Crucially, Microsoft has also begun offering AI governance toolkits to government customers. These include templates for acceptable use policies, technical implementation guides for blocking consumer AI endpoints at the firewall level, and training modules that explain the difference between public and enterprise AI. Such resources recognise that technology alone cannot solve a cultural problem.
The Road Ahead: Bridging Policy and Practice
What the ABC experience illustrates is that policy without culture change will fail. Simply telling staff—and even board members—“don’t use AI” is as effective as telling them not to use email on a smartphone a decade ago. People will gravitate to the tools that make them better at their jobs, and if the official channels are clunky or restrictive, they’ll circumvent them.
A more sustainable strategy is to embrace “approved shadow AI.” Provide a catalogue of sanctioned AI tools that meet security requirements, are paid for centrally, and integrate with existing single sign-on systems. Microsoft 365 Copilot, Google’s Gemini for Enterprise, and specialised government-tailored solutions are already being adopted in this manner. For simple tasks like summarising documents or drafting internal emails, these tools can match consumer alternatives in capability while keeping data within the organisation’s control.
Training is equally vital. Even AI-savvy leaders may not know that a seemingly harmless photo-enhancement app trains on uploaded images by default, or that a free transcription service retains audio indefinitely. Regular, scenario-based training—“What would you do if your manager asked you to run a confidential proposal through a public AI?”—can embed good habits.
Finally, technical enforcement must evolve beyond blocklists. Endpoint detection tools can now identify when a user interacts with known AI domains and flag unusual patterns, such as largepaste events into a browser tab hosting an AI chatbot. Microsoft Defender for Cloud Apps includes a shadow IT discovery feature that can highlight unauthorised AI services and score them for risk, allowing security teams to make informed decisions rather than guessing.

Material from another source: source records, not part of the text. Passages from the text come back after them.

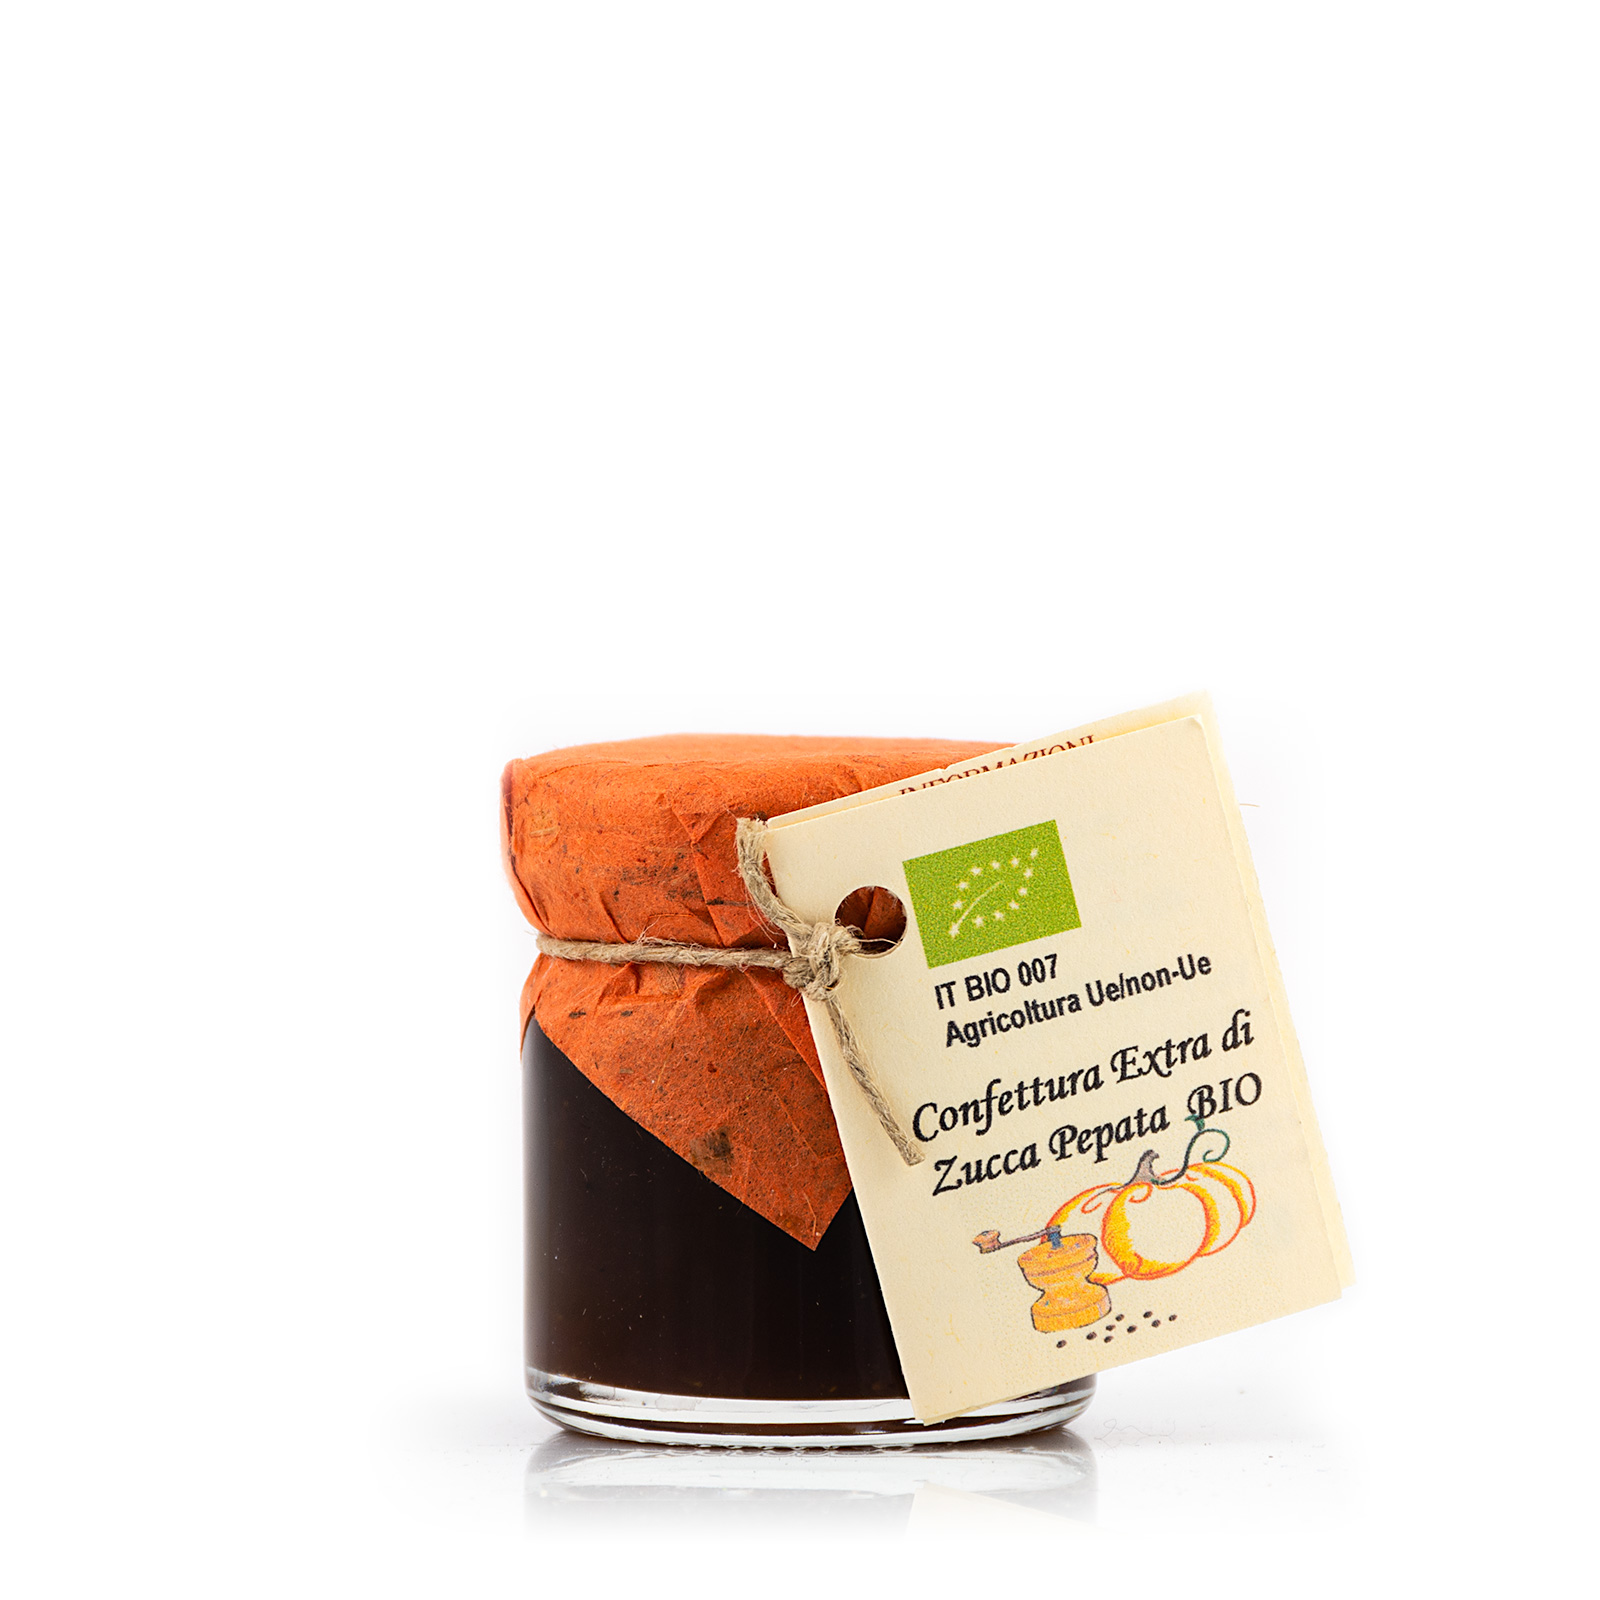 Azienda Agricola La Taverna Confettura Extra di Zucca Pepata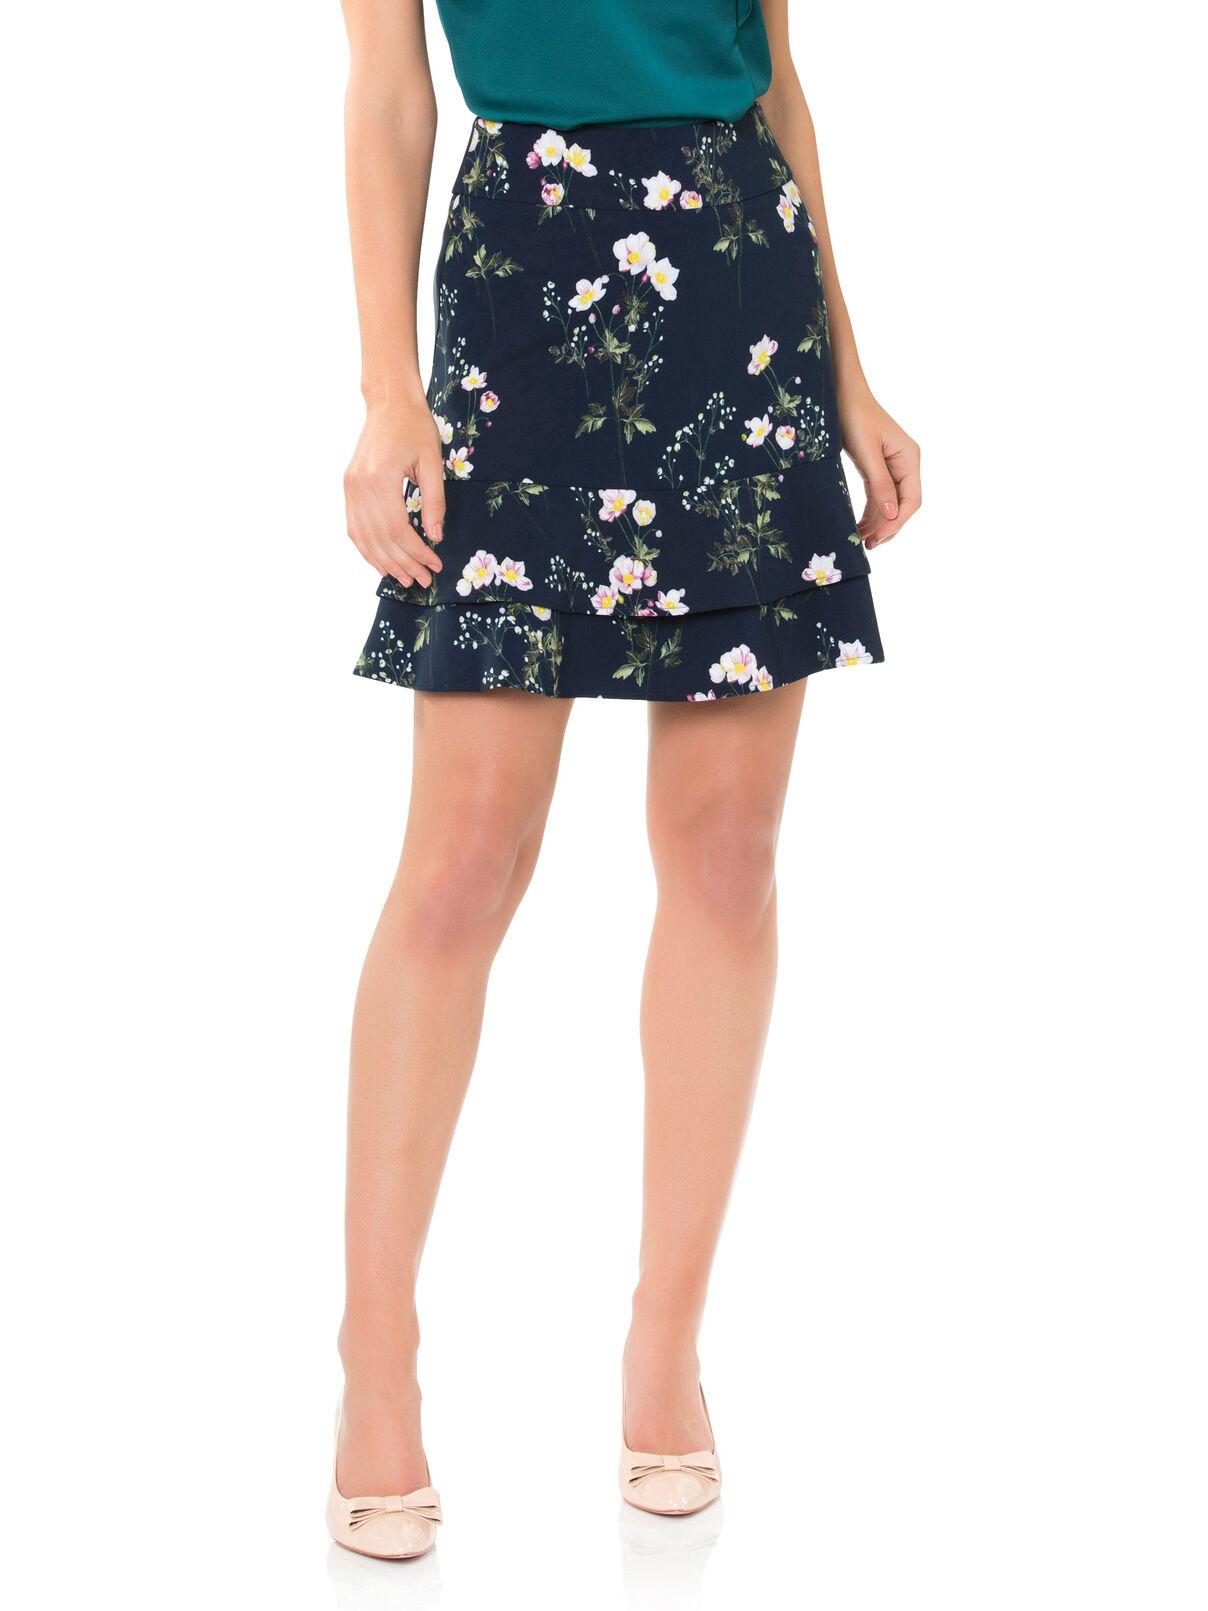 Oh My Daisy Skirt | Tuggl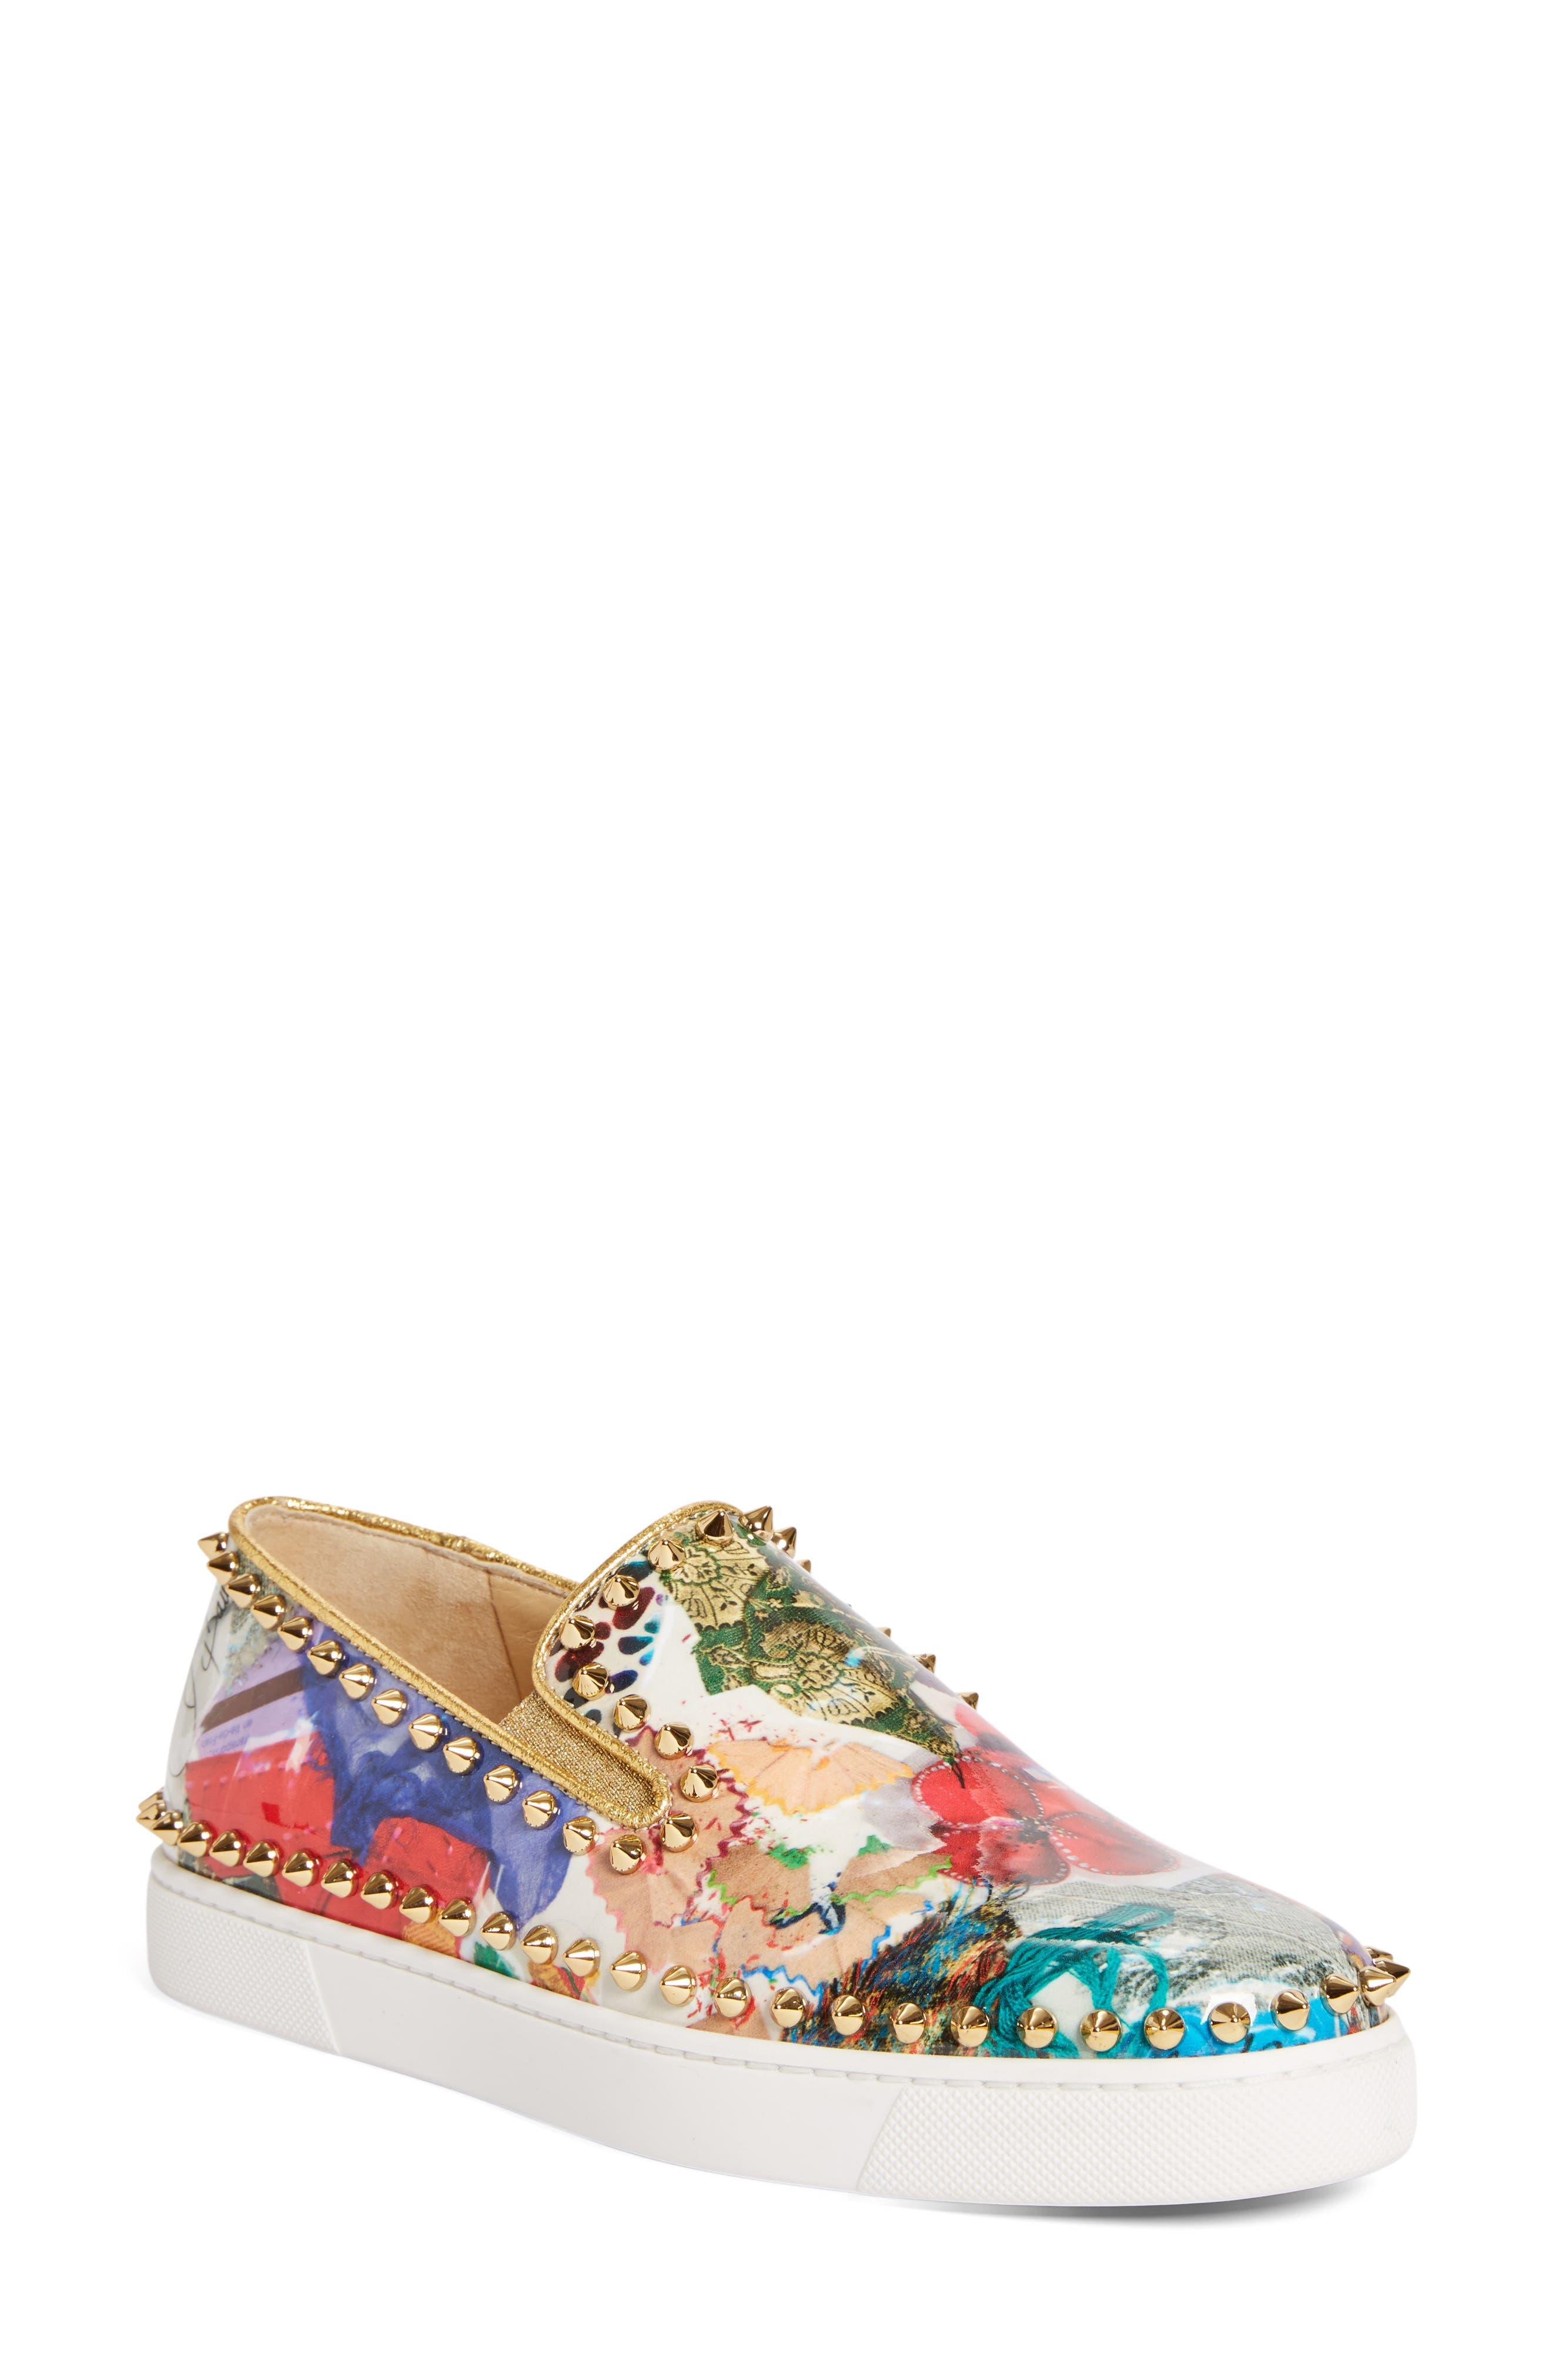 Alternate Image 1 Selected - Christian Louboutin Pik Boat Slip-On Sneaker (Women)

Why This Matters for Windows Enthusiasts
For the millions of IT professionals and power users who call the Windows ecosystem home, the ABC story is a microcosm of a much larger shift. Windows 11 is the front line of the AI governance battle because that’s where Copilot lives, that’s where users launch Edge to access ChatGPT, and that’s where attackers probe for misconfigurations. Understanding how to lock down AI while keeping the operating system user-friendly is the defining admin challenge of the mid-2020s.
Tools like Group Policy, Windows Update for Business, and Microsoft Intune now have dedicated AI policy nodes. For instance, the “Turn off Copilot in Windows” policy is a single toggle, but beneath it lies a matrix of granular controls over web plug-ins, enterprise data protection, and even system resource allocation. Enthusiasts who master these settings will not only protect their own organisations but also shape best practices that ripple across the industry.
Kim Williams’ private AI collection may seem like a small personal footnote, but it underscores a universal truth: the line between personal and professional tech has dissolved. As public institutions race to harness AI without hemorrhaging data, the solutions will be built on Windows, secured by Intune, and guided by the lessons from headlines exactly like this one. The window to get governance right is shrinking. If a broadcaster’s chair can fall into the shadow AI gap, so can anyone—and the answer isn’t less AI, but better governance.